Его неожиданные налеты на Бостон были праздником для нас и наших друзей. Поставив в передней дорожную сумку (но не снимая дубленки), Гена говорил: «Пошли за мясом, сегодня будут пельмени... Кого позовем, решим по дороге».
И мы неслись в магазин органических и экзотических продуктов под названием «Bread and Circus» («Хлеб и Зрелища»). Там Гена требовал демонстрации различных кусков мяса, придирчиво рассматривал, сомневался, качал головой, и вдруг лицо его озарялось нездешним светом – он нашел тот единственный, желанный...
Решив, кого звать, и сделав нужные звонки, мы усаживались в кухне за стол и начинали лепить.
Сперва обменивались новостями и впечатлениями о фильмах и спектаклях, потом Гена, который постоянно был в кого-то влюблен, водил меня по лабиринту своих противоречивых чувств, потом мы сплетничали, выкладывая друг другу свои и чужие тайны, потом читали стихи.
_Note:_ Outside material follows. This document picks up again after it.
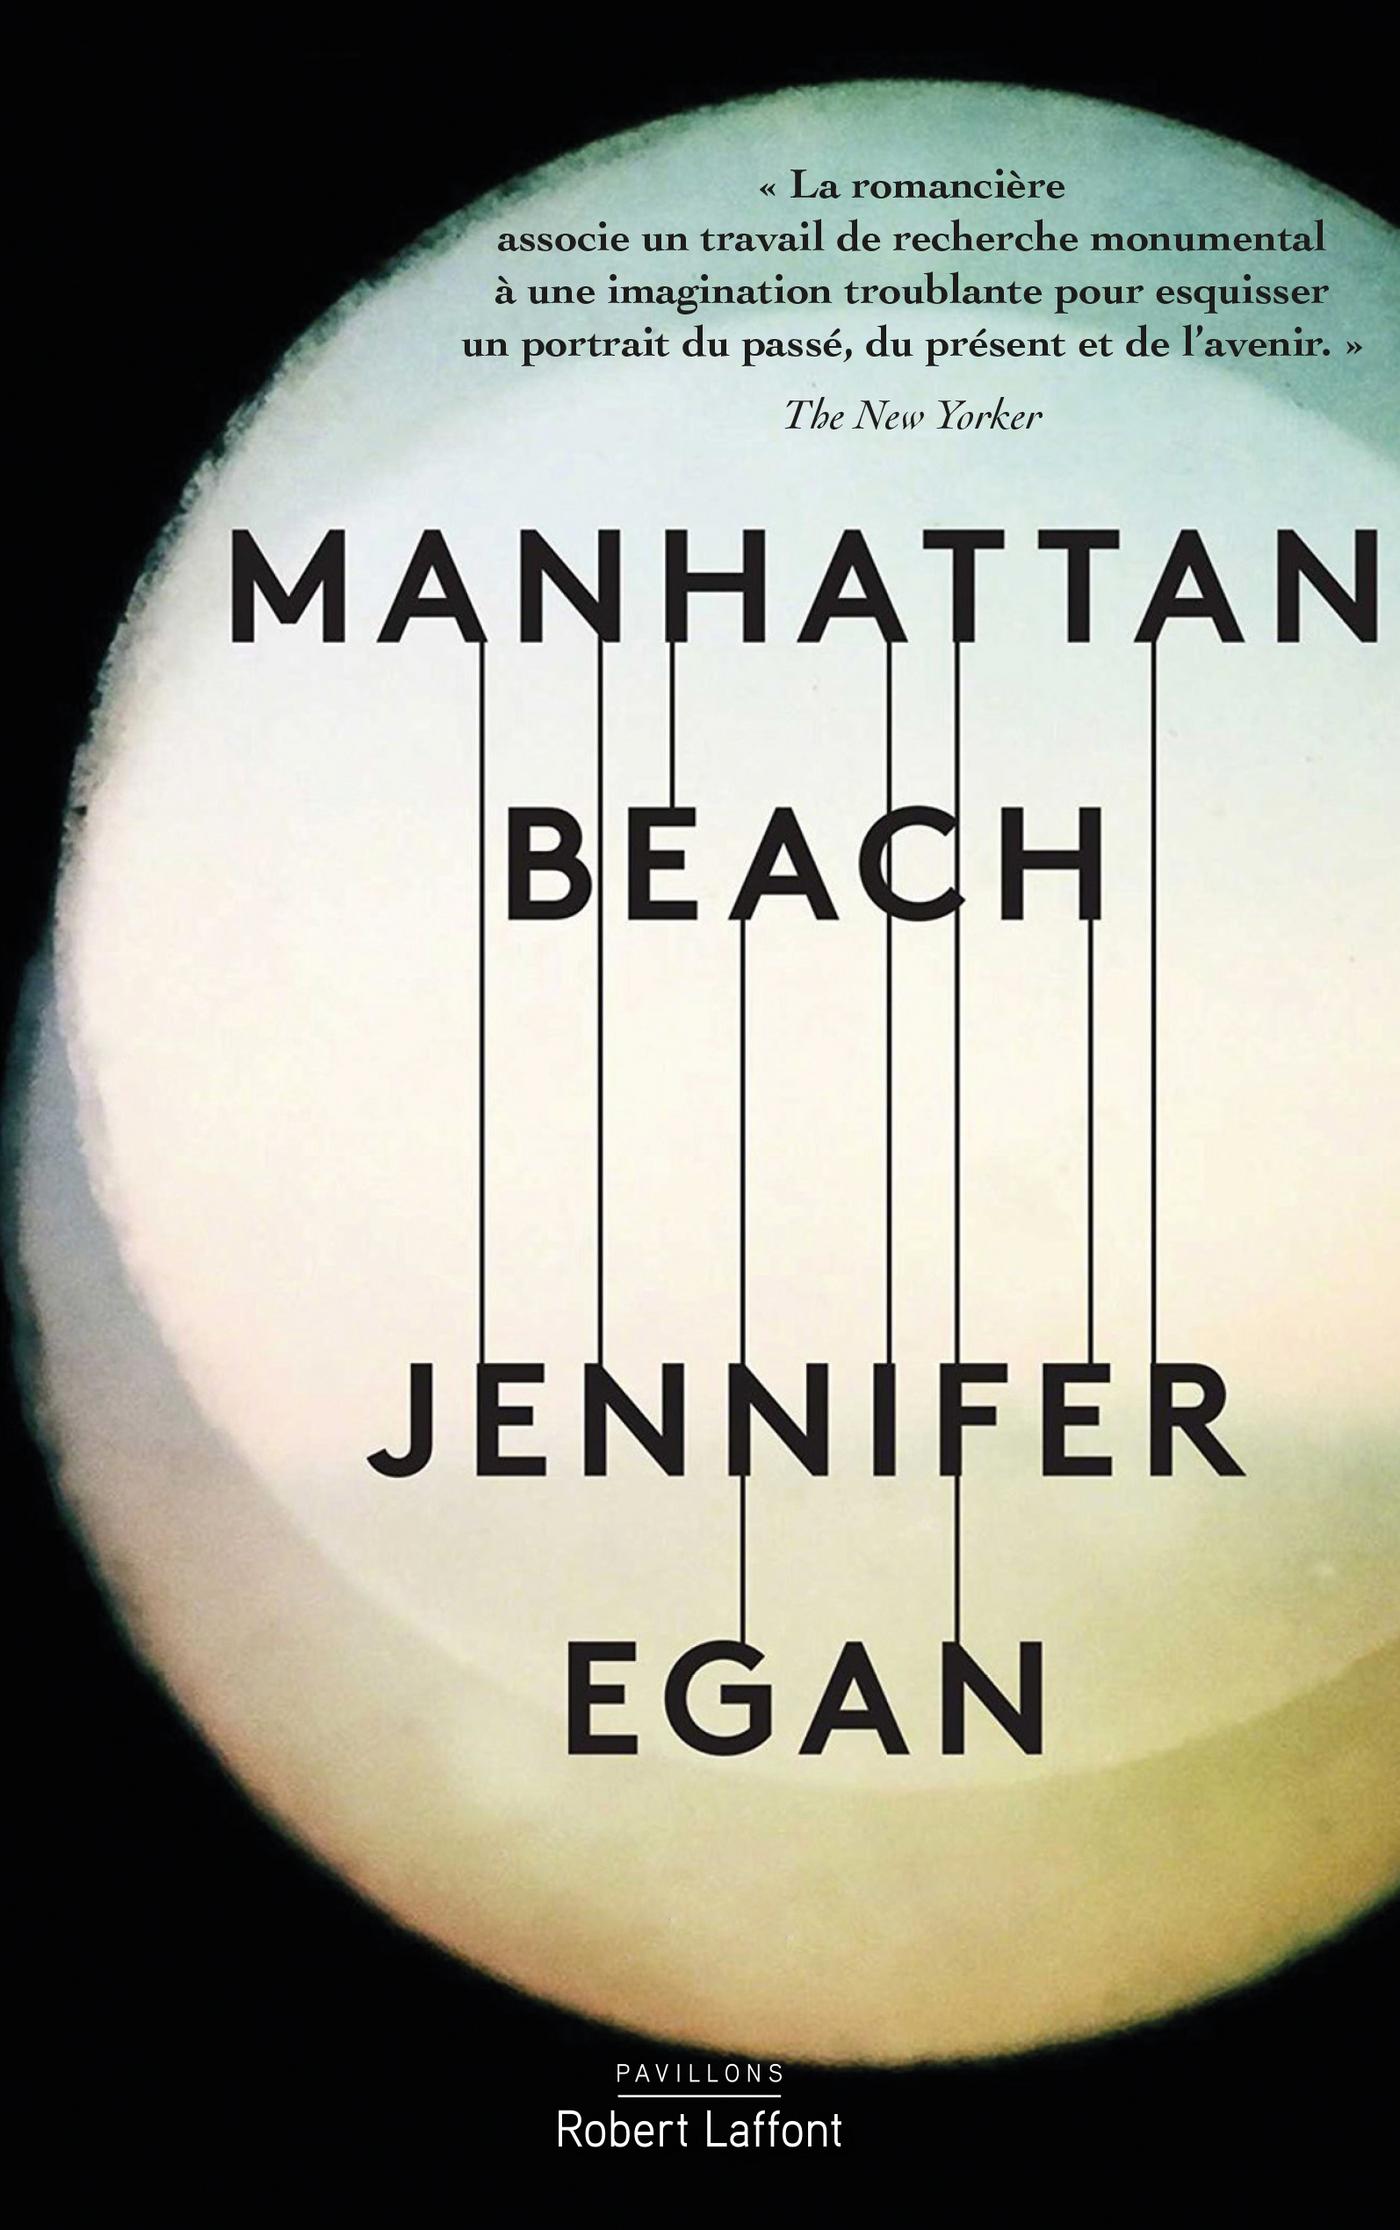 Manhattan Beach - Édition française | EGAN, Jennifer

Получалось примерно четыреста тающих во рту, божественных пельменей, поглощая которые можно было явственно слышать музыку небесных сфер.
...Шмаков оказался на Западе, женившись на американке, присланной из Нью-Йорка его друзьями. Не имея в организме ни капли еврейской крови, он не мог выехать по израильской визе.
Салли Джонсон, двадцатипятилетней журналистке, за вывоз Шмакова были обещаны норковая шуба и 5000 долларов. При этом ее предупредили, что брак строго фиктивный, так как жених дамами не интересуется.
К этому времени Гена был уже разведен и жил «по друзьям», в том числе и у нас. Он попросил разрешения привезти невесту из аэропорта прямо к нам, угостить ужином и светской беседой, после чего он oтведет ее в «Асторию».
Мисс Салли Джонсон оказалась миловидной, очень симпатичной барышней, но проблемы начались уже через два дня. Салька без памяти влюбилась в Генку и заявила, что не хочет ни денег, ни шубы, но чтоб замужество было настоящим. Шмаков боялся оставаться с ней наедине. Она то плакала на моем плече, то, будучи оптимистичной янки, не оставляла надежды, что в один прекрасный день... Я ее не разочаровывала.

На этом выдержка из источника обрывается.